WORK REQUIRED:
Restate the data below word for word. Skip any images it contains.

DATA SHOWN:
········

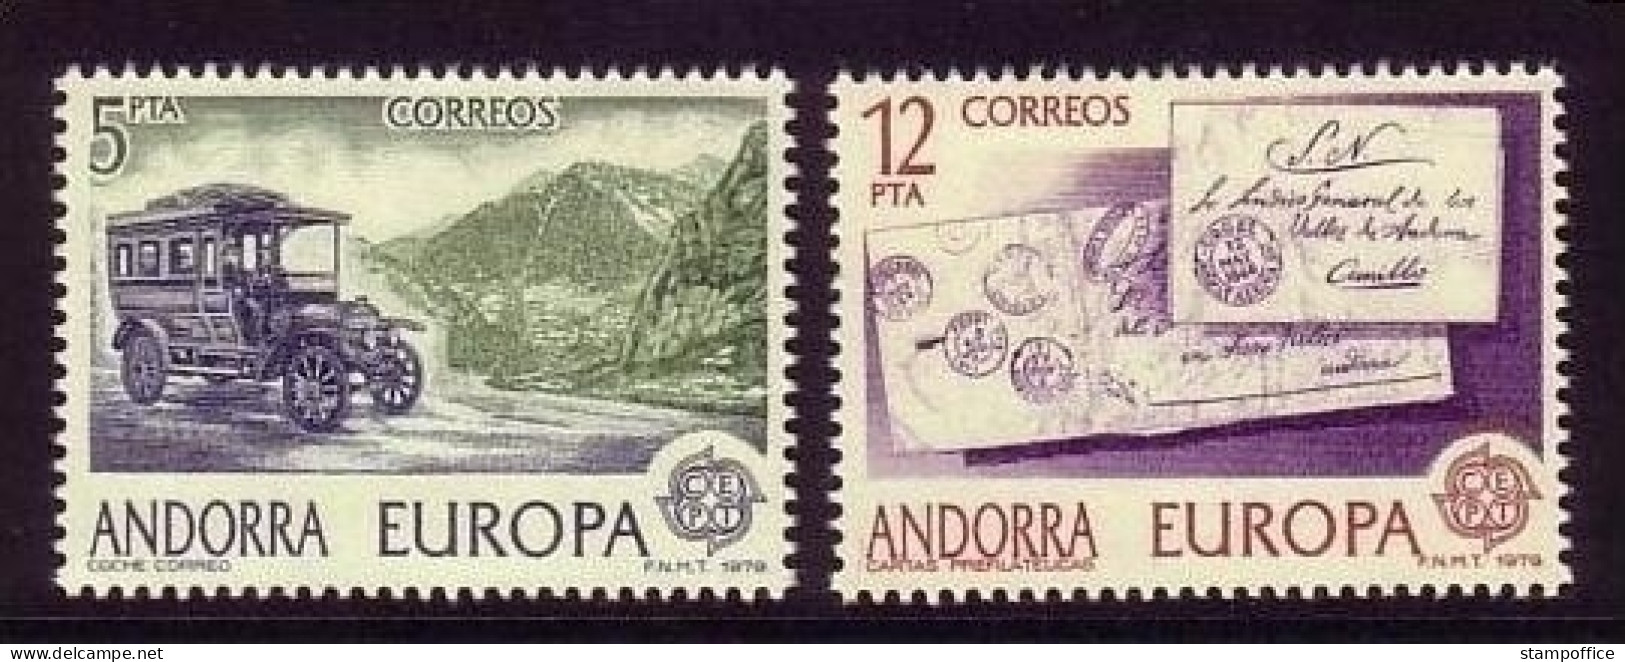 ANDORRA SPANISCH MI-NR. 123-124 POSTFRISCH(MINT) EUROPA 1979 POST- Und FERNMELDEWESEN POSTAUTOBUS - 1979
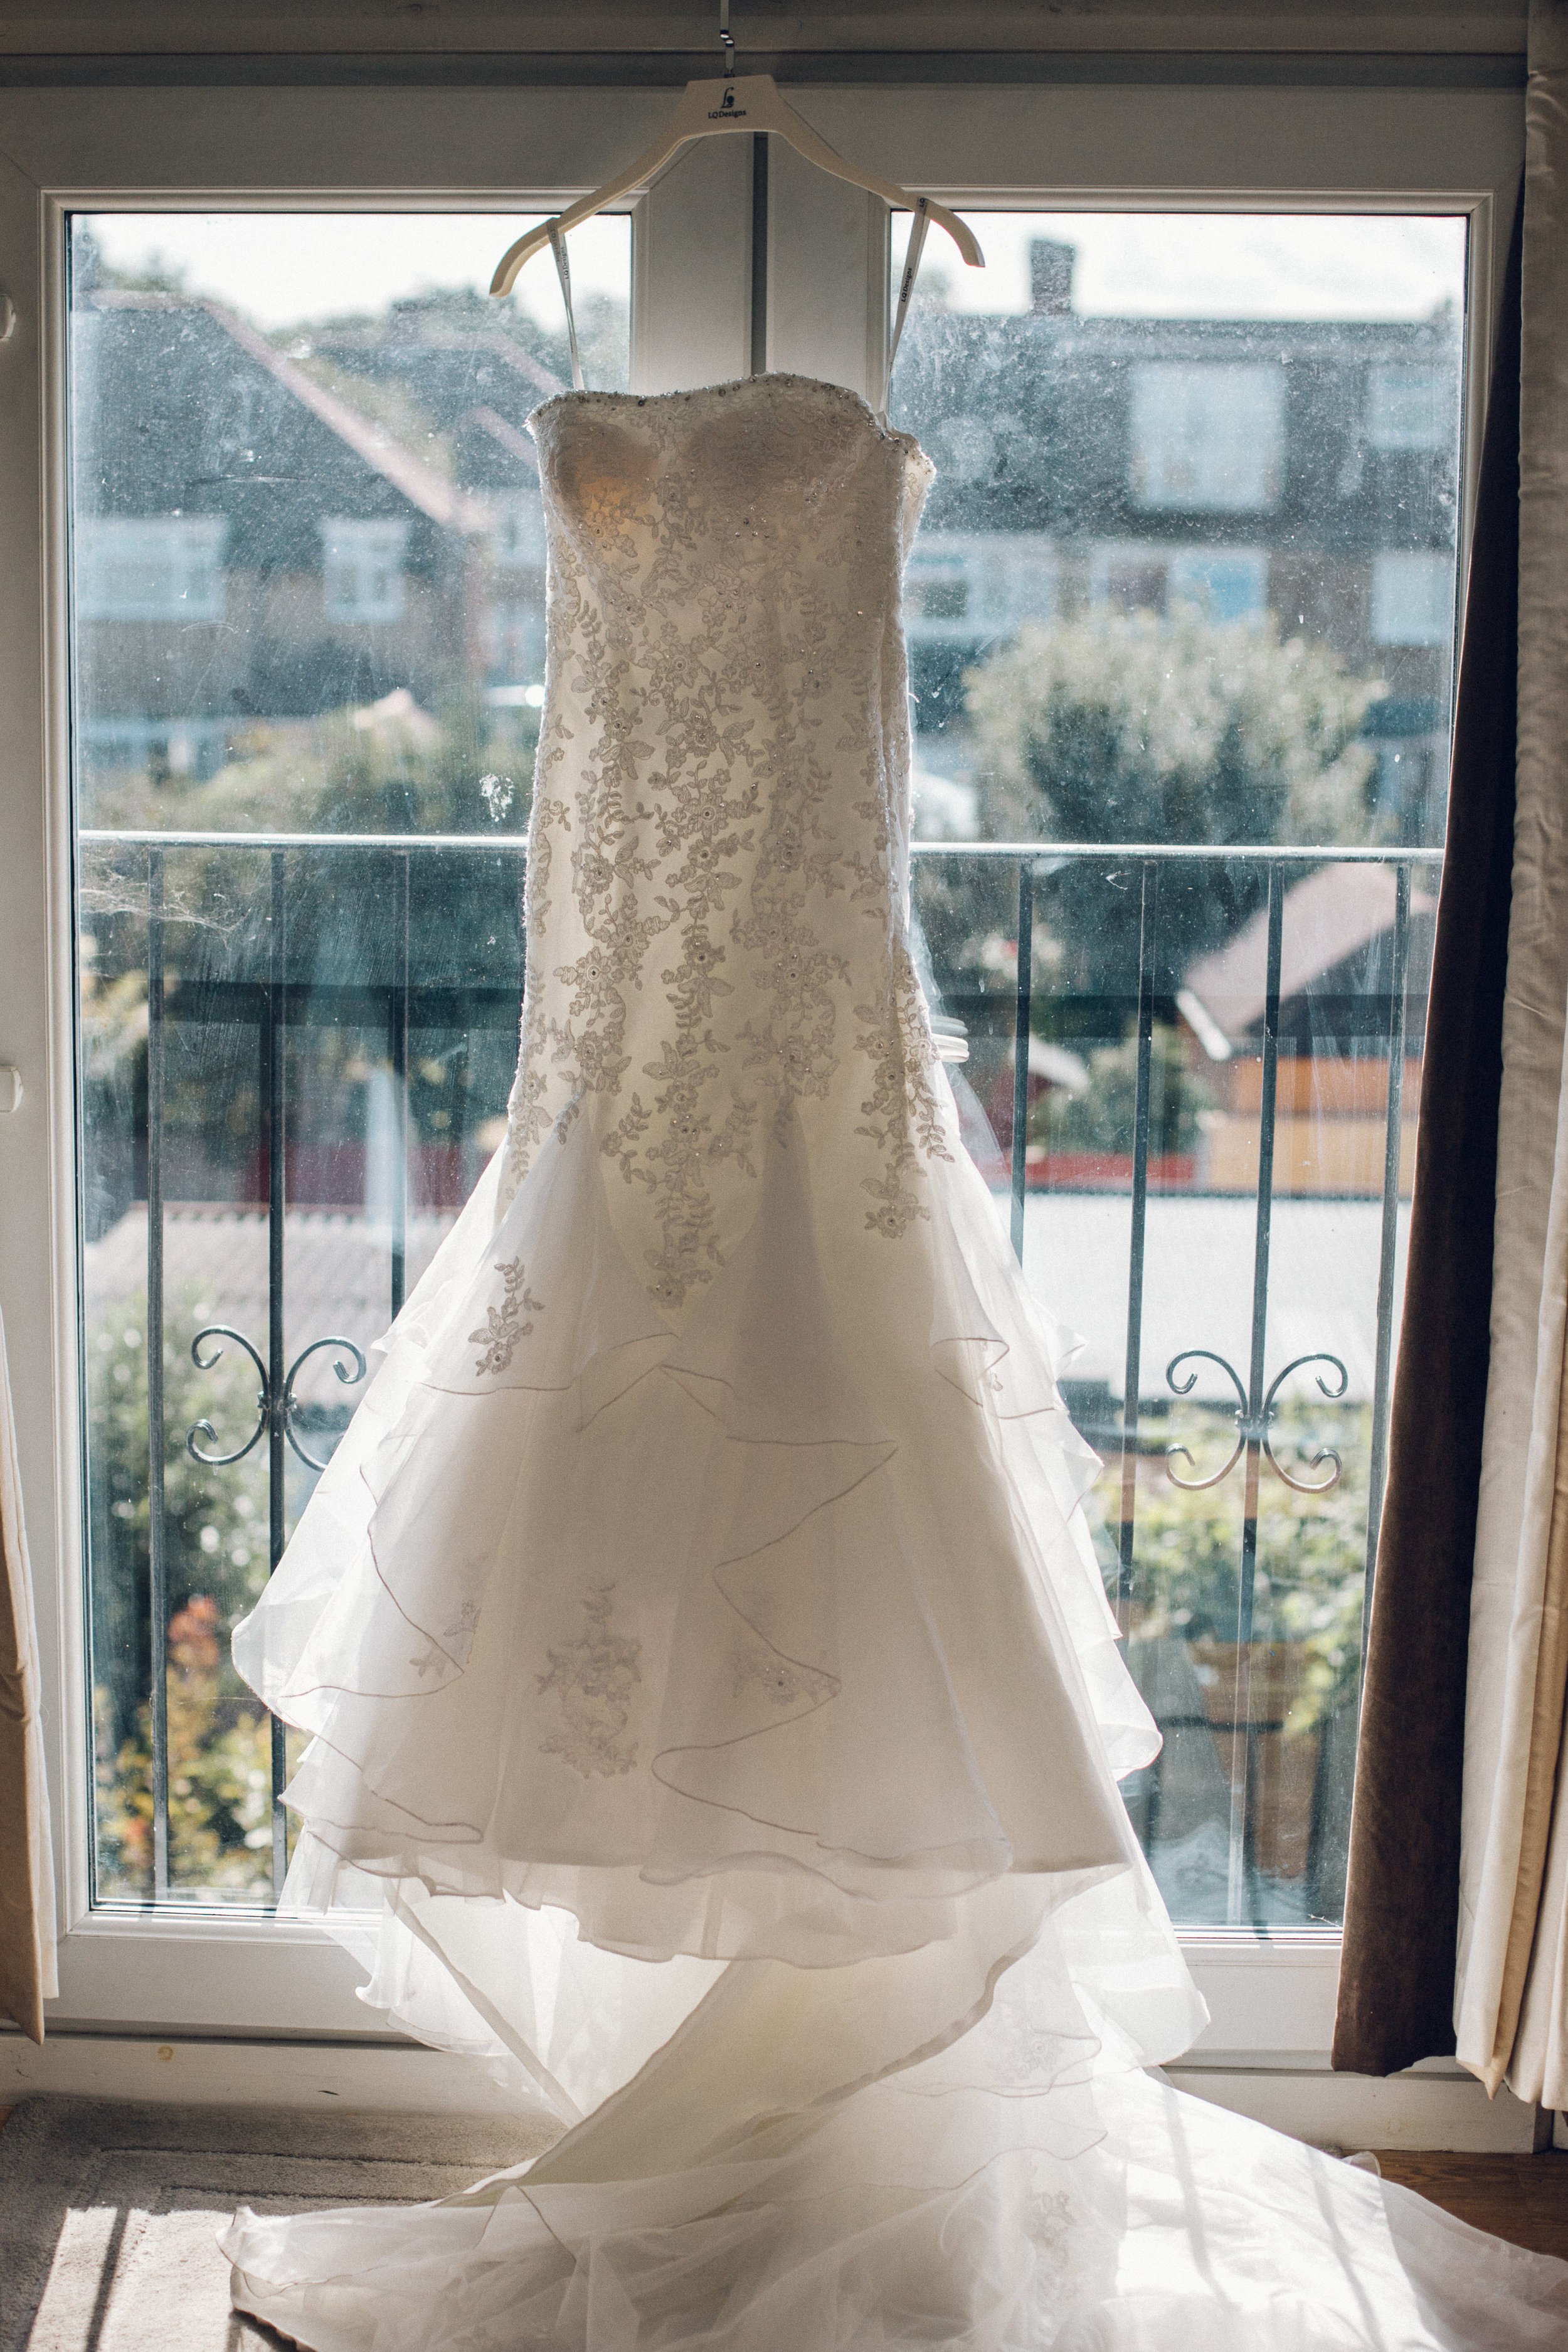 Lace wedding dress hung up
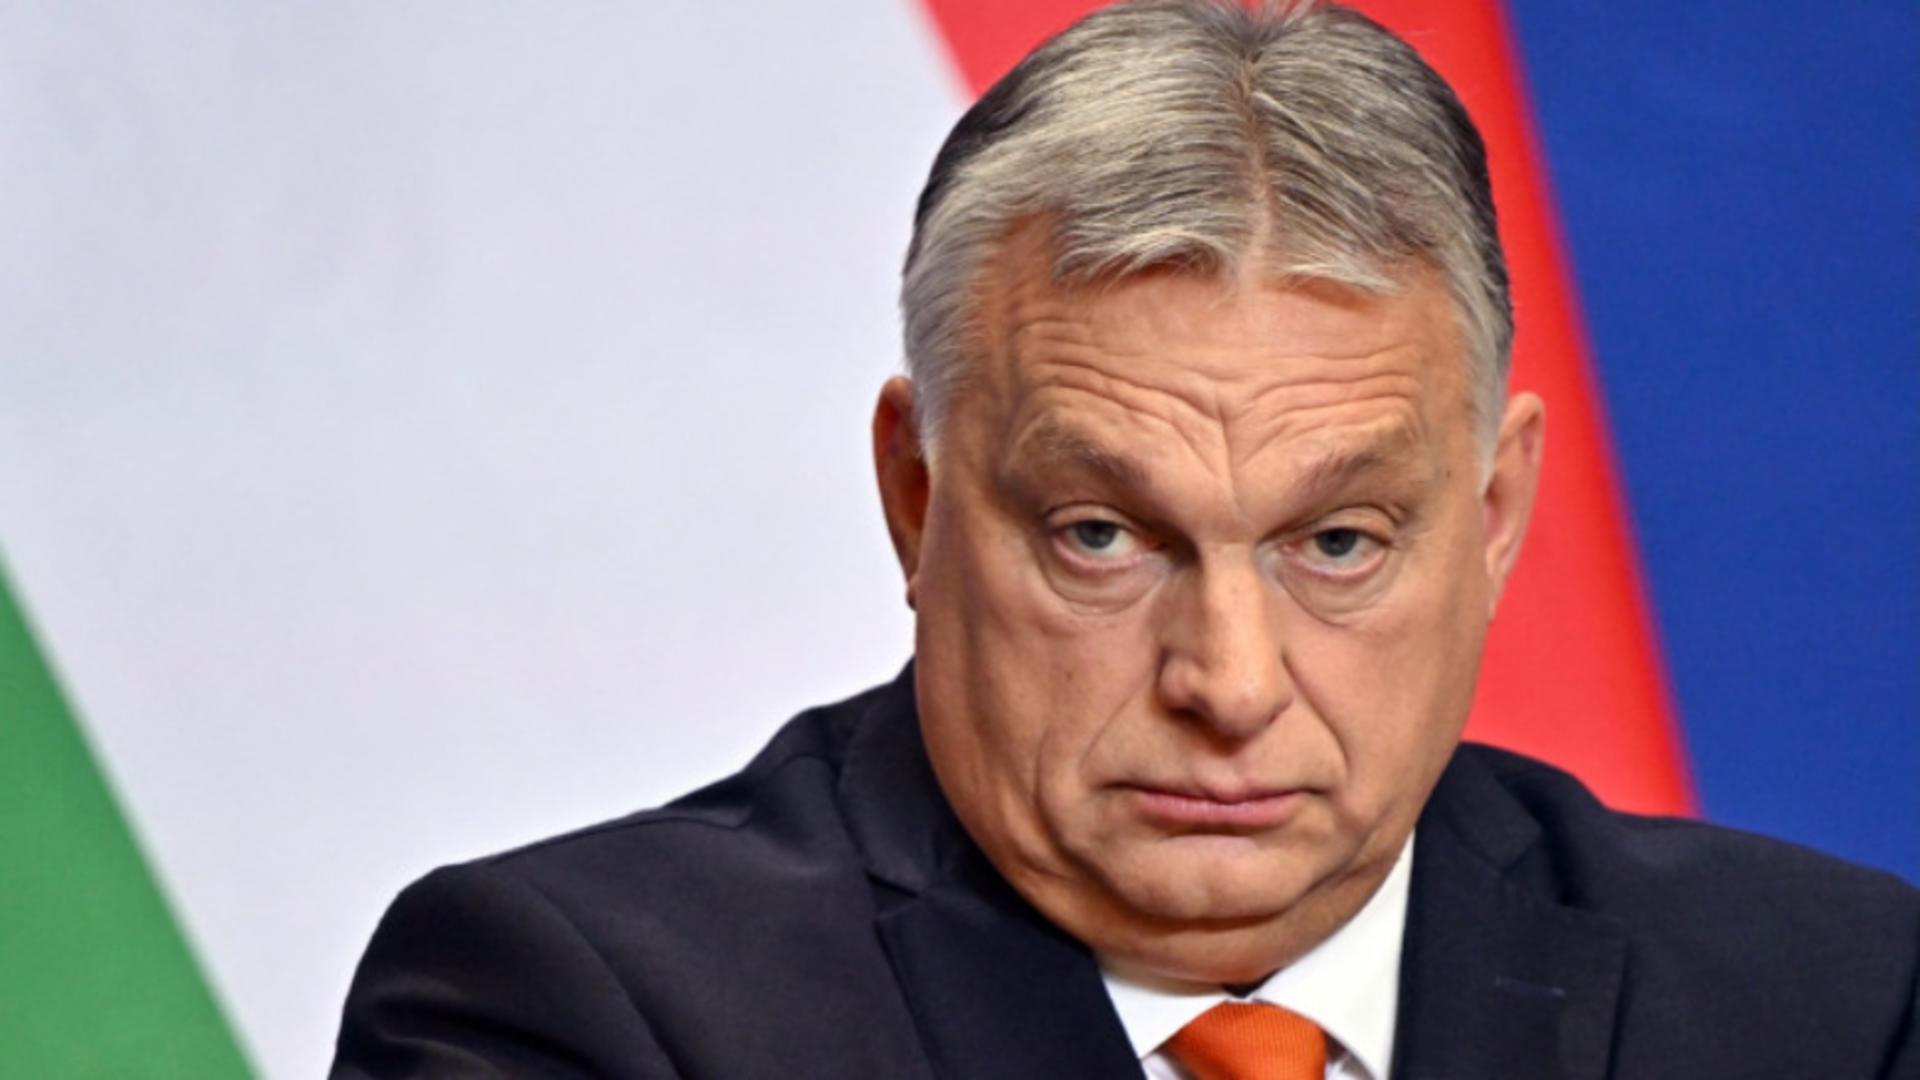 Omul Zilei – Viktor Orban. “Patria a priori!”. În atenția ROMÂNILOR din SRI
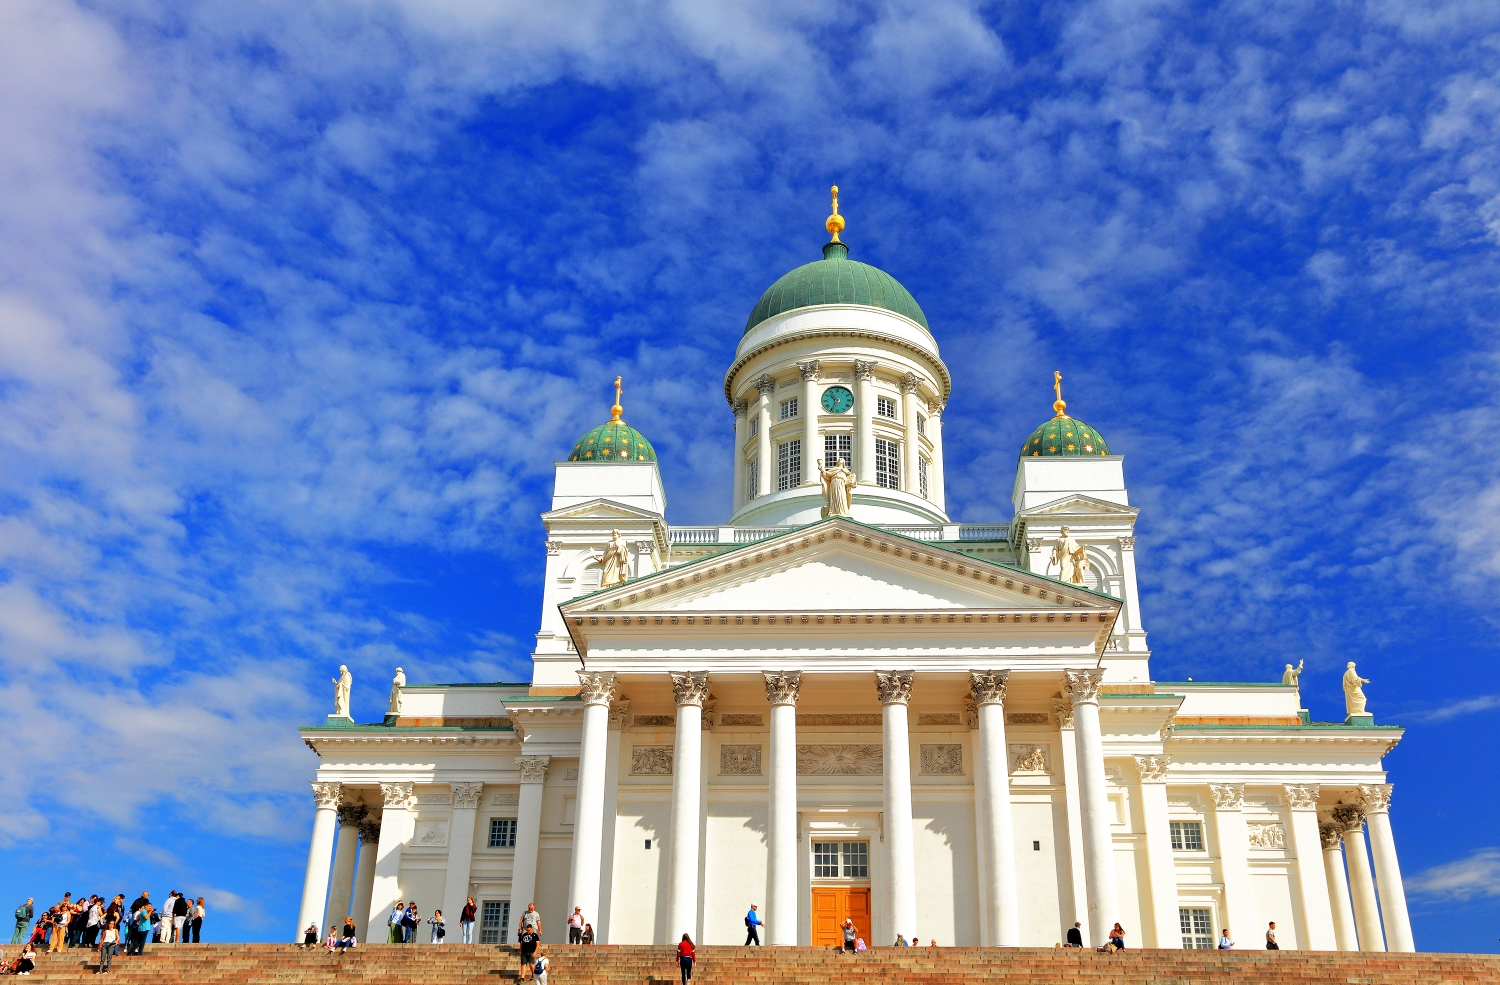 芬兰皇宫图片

········

ANSWER TO THE PROBLEM:
 ANDORRA SPANISCH MI-NR. 123-124 POSTFRISCH(MINT) EUROPA 1979 POST- Und FERNMELDEWESEN POSTAUTOBUS - 1979
 Lace wedding dress hung up
 Omul Zilei – Viktor Orban. “Patria a priori!”. În atenția ROMÂNILOR din SRI
 芬兰皇宫图片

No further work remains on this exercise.